Information shown:
────────
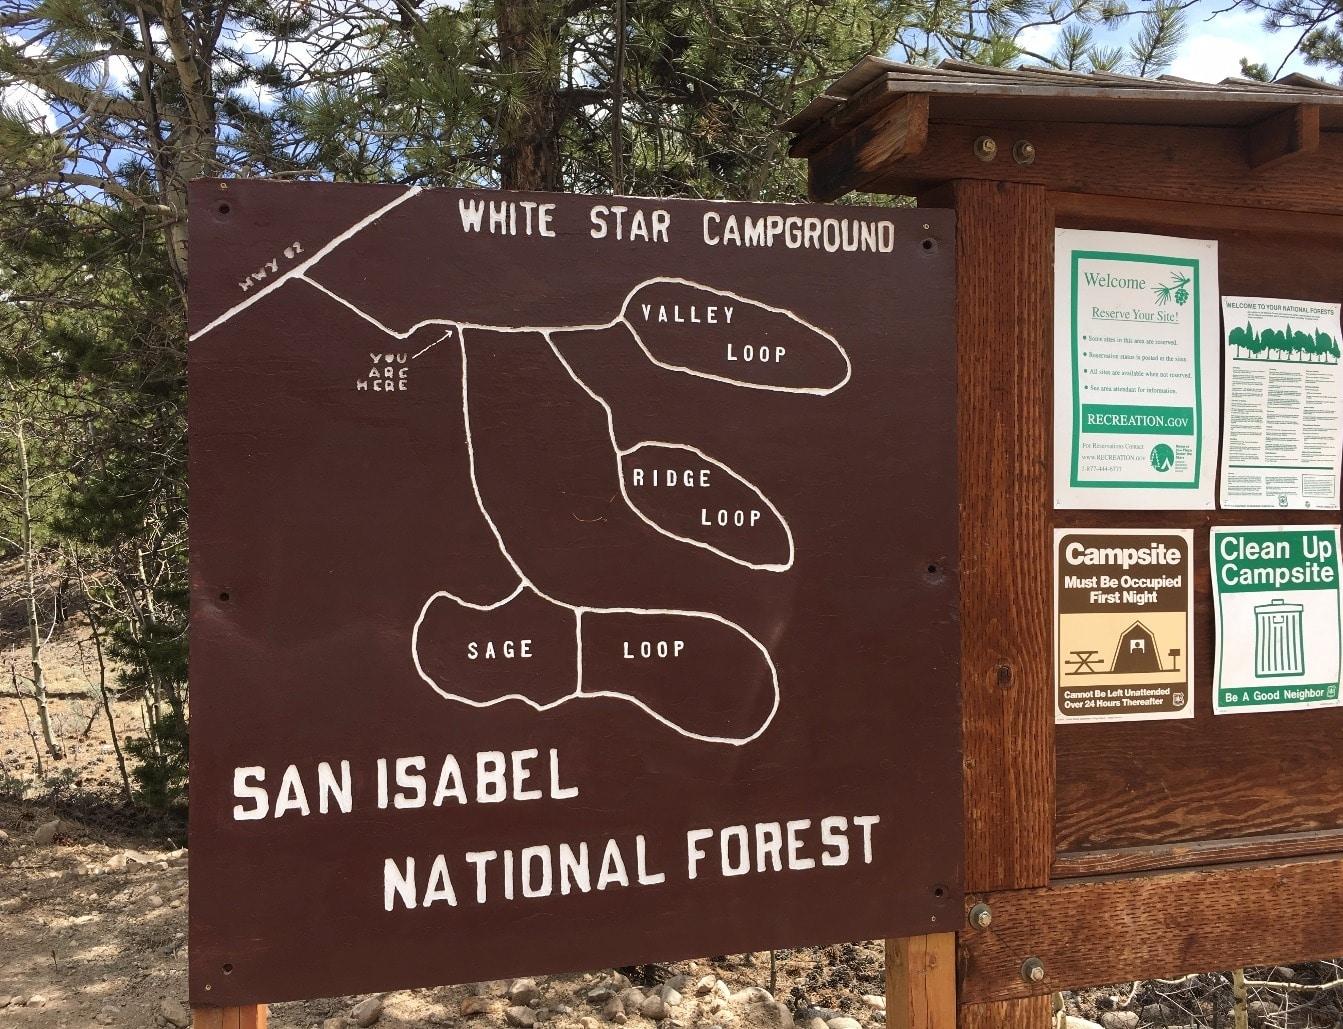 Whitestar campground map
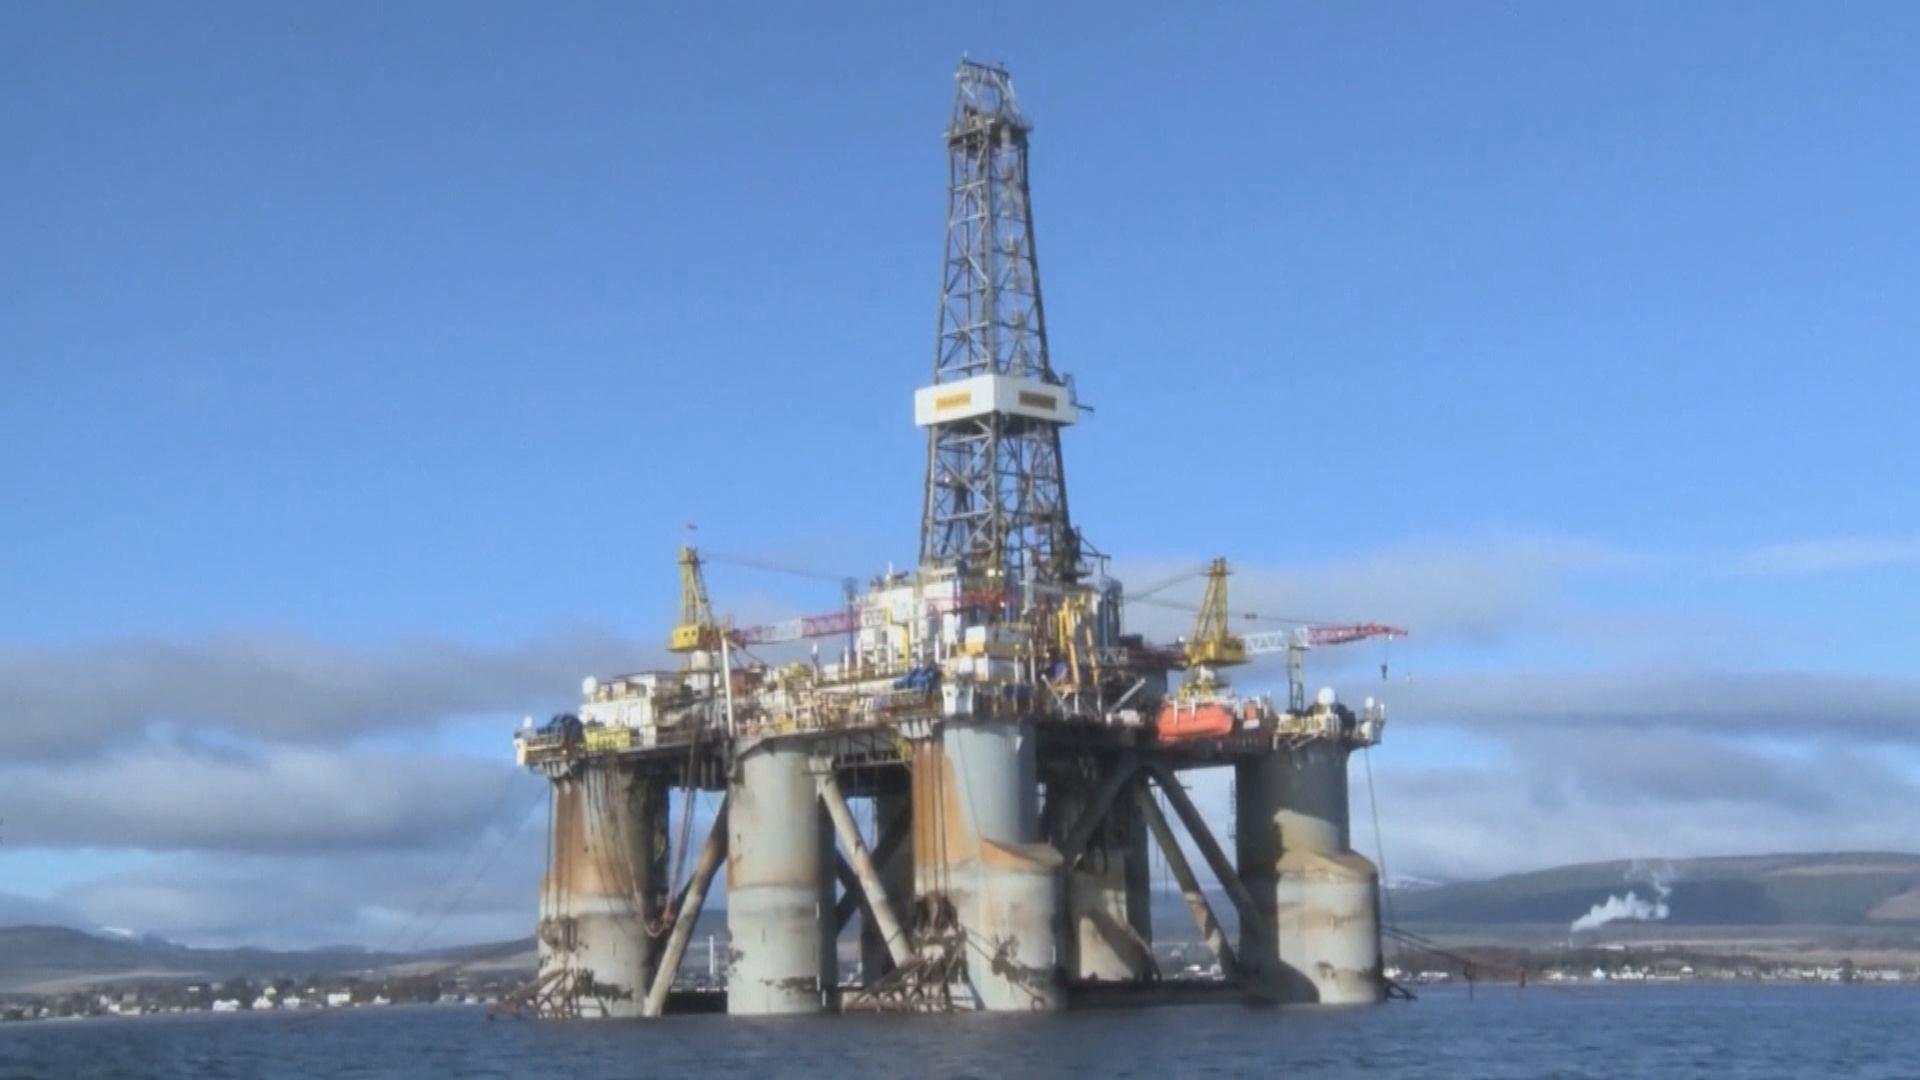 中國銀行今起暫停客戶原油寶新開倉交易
────────
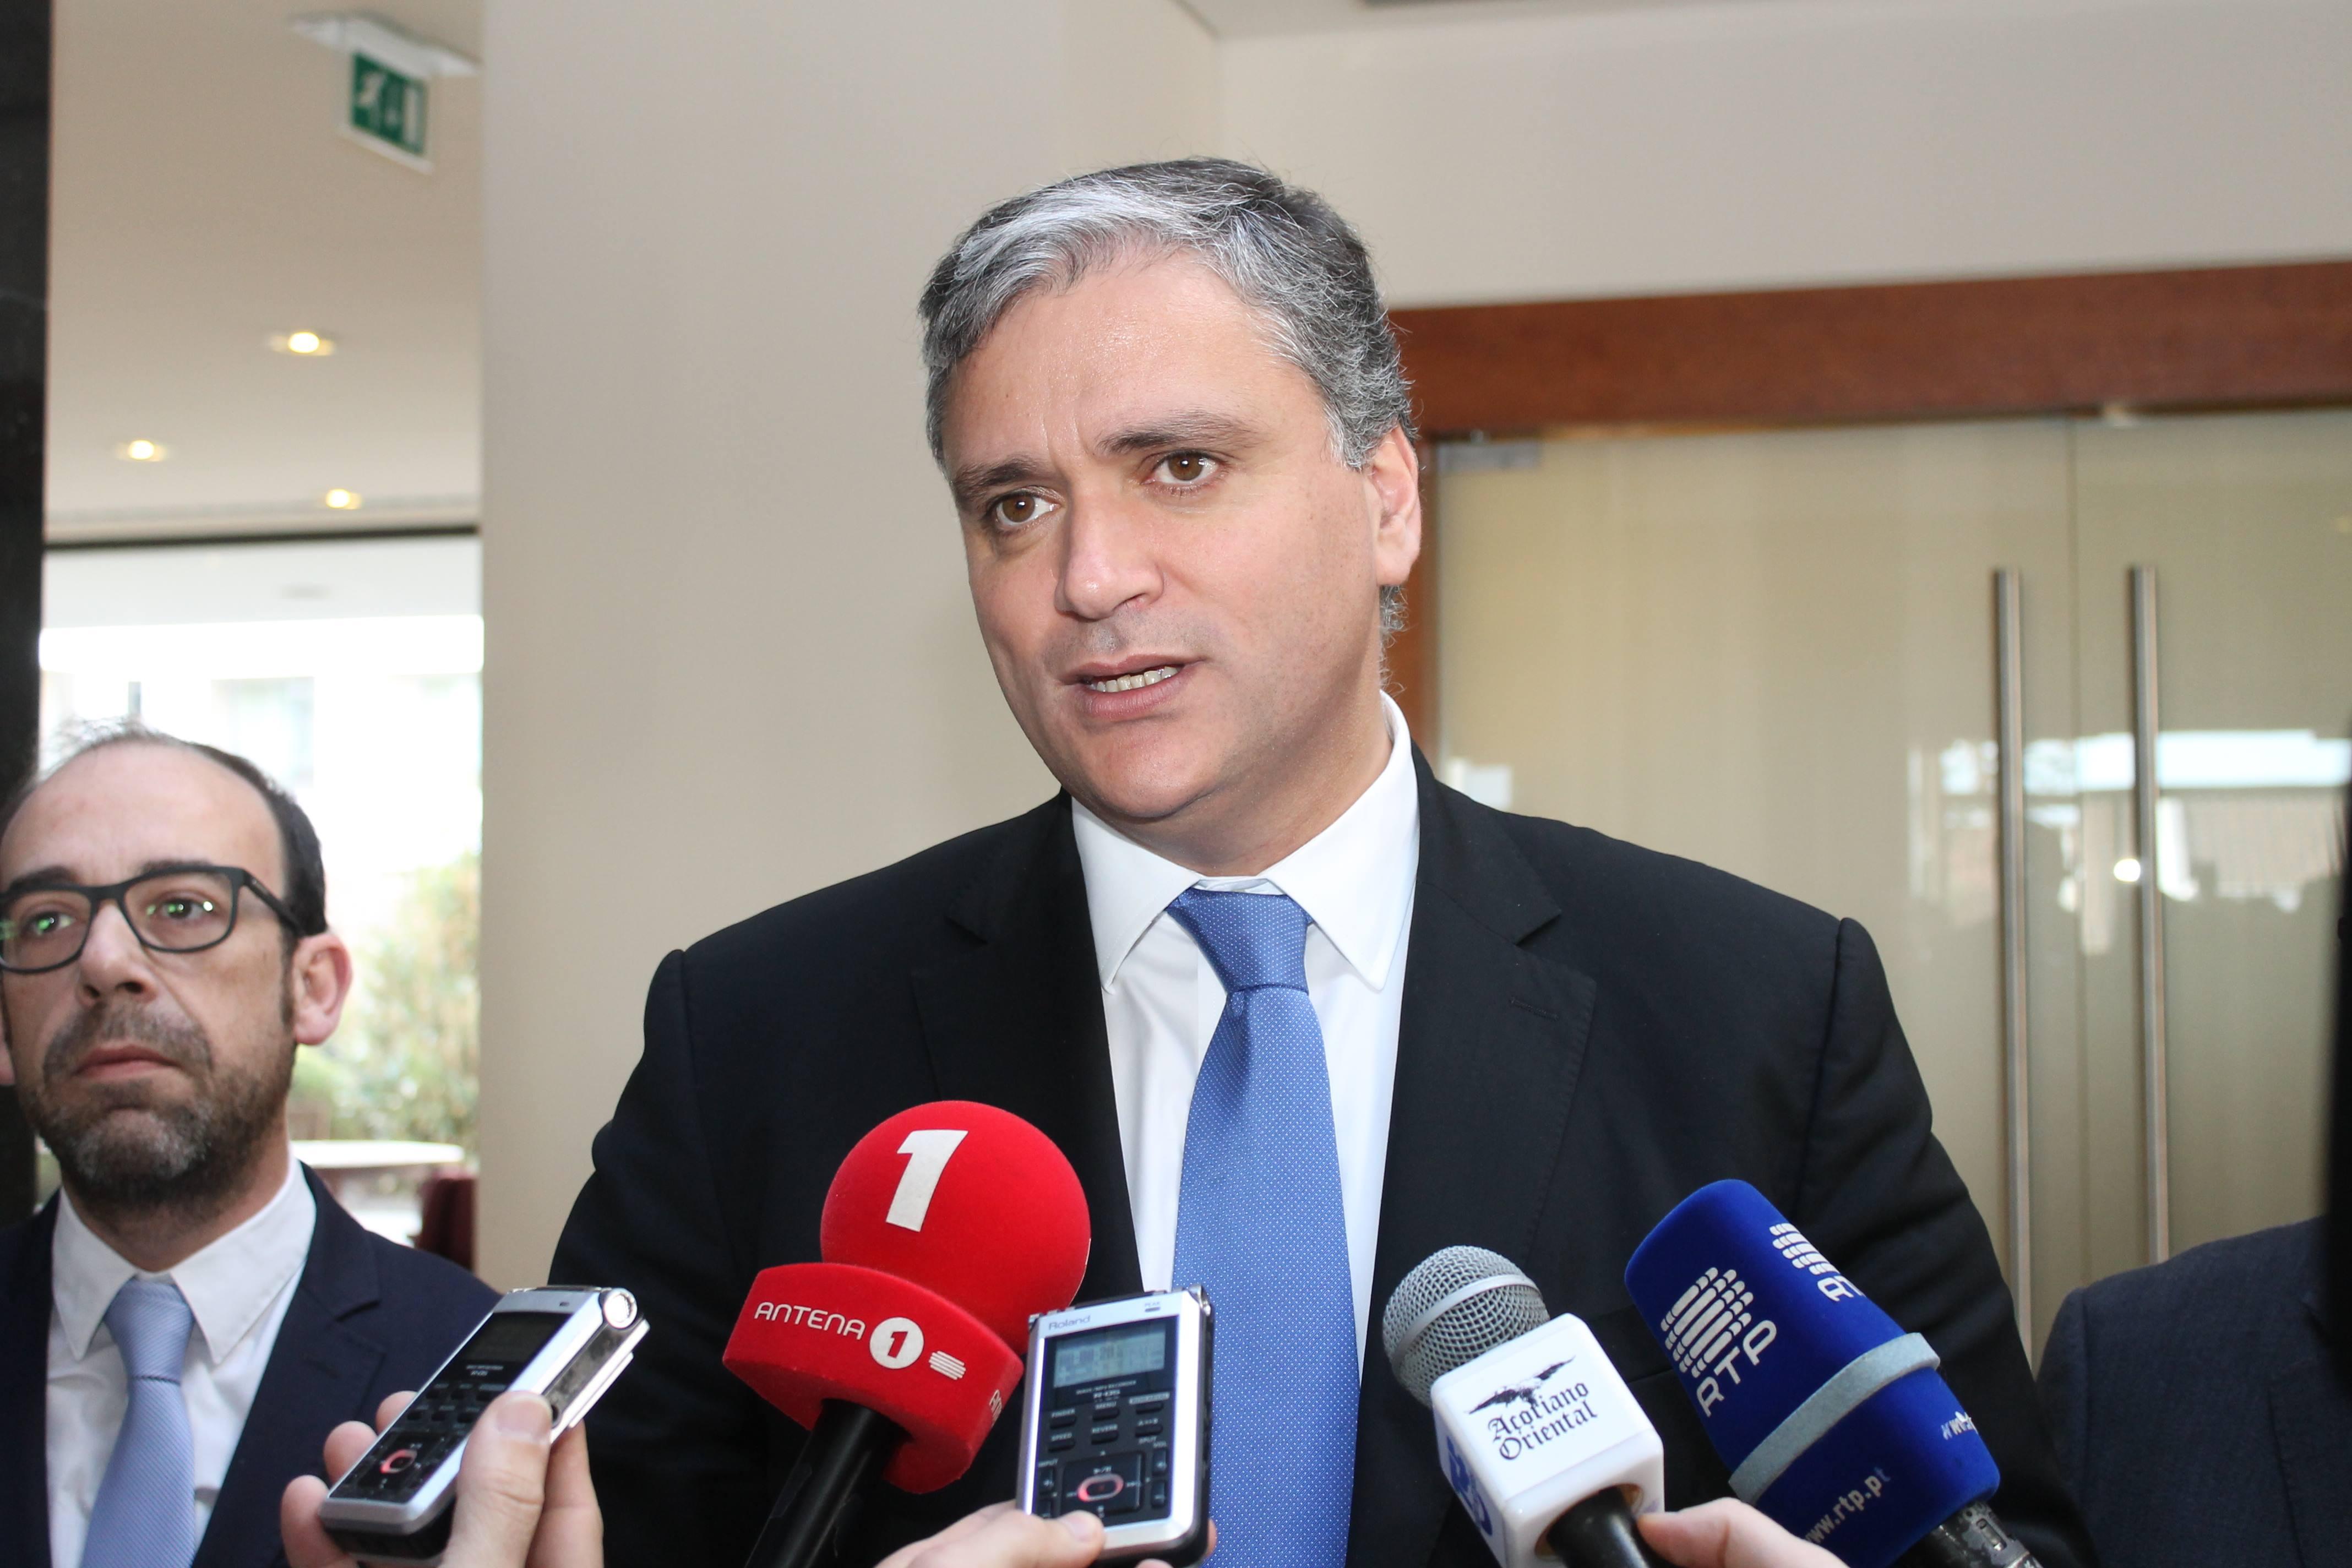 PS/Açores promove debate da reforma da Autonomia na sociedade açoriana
────────
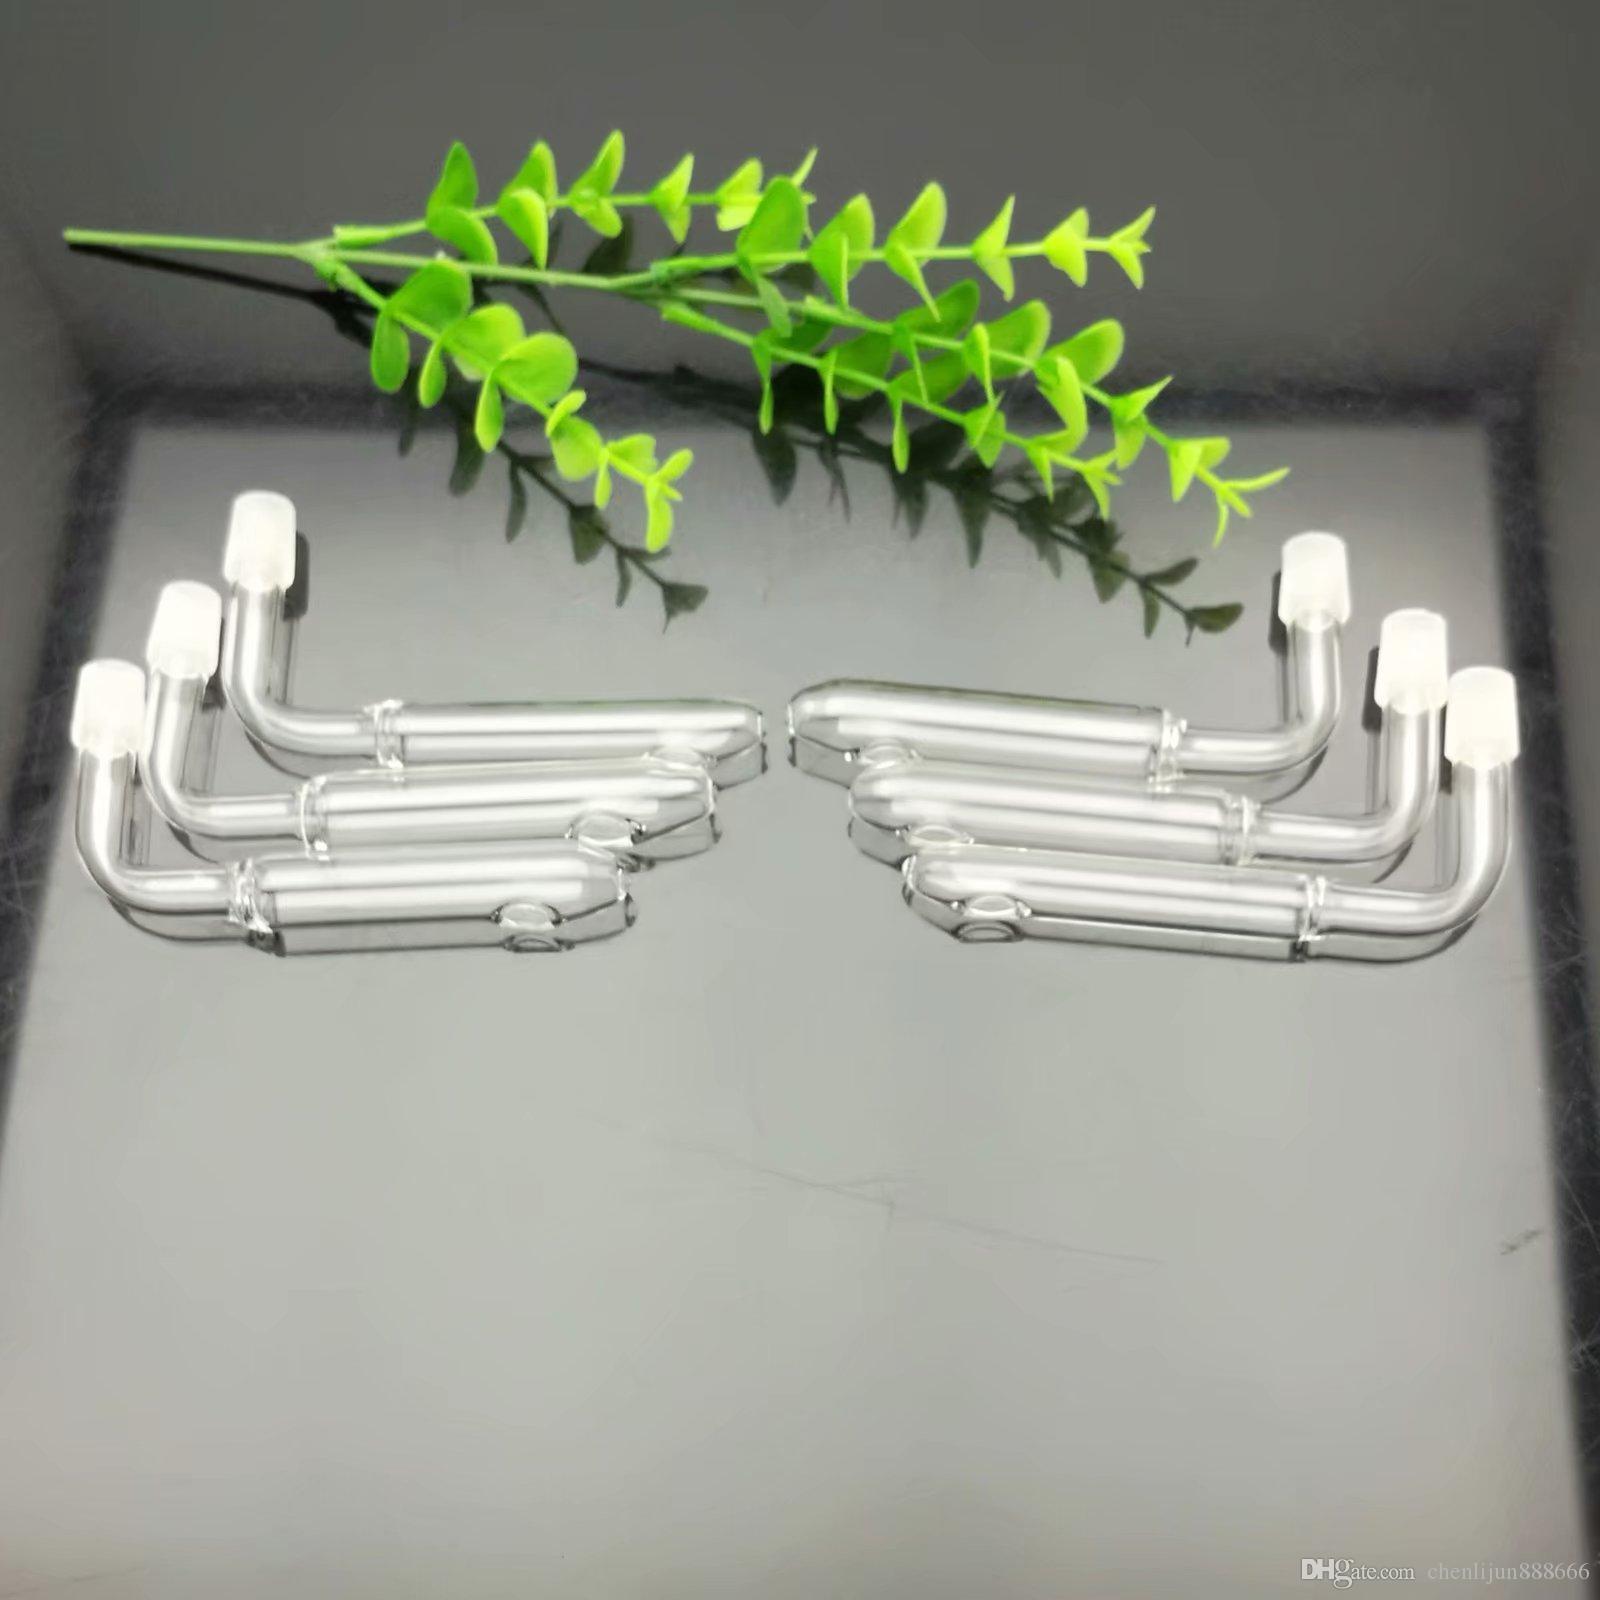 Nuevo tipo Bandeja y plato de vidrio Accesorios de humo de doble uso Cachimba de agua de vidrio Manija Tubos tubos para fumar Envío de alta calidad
────────
About this task: Every line above from the one with "Whitestar campground map" down to the one with "中國銀行今起暫停客戶原油寶新開倉交易" must be written out exactly, and no picture may appear.

Written response:
 Whitestar campground map
 中國銀行今起暫停客戶原油寶新開倉交易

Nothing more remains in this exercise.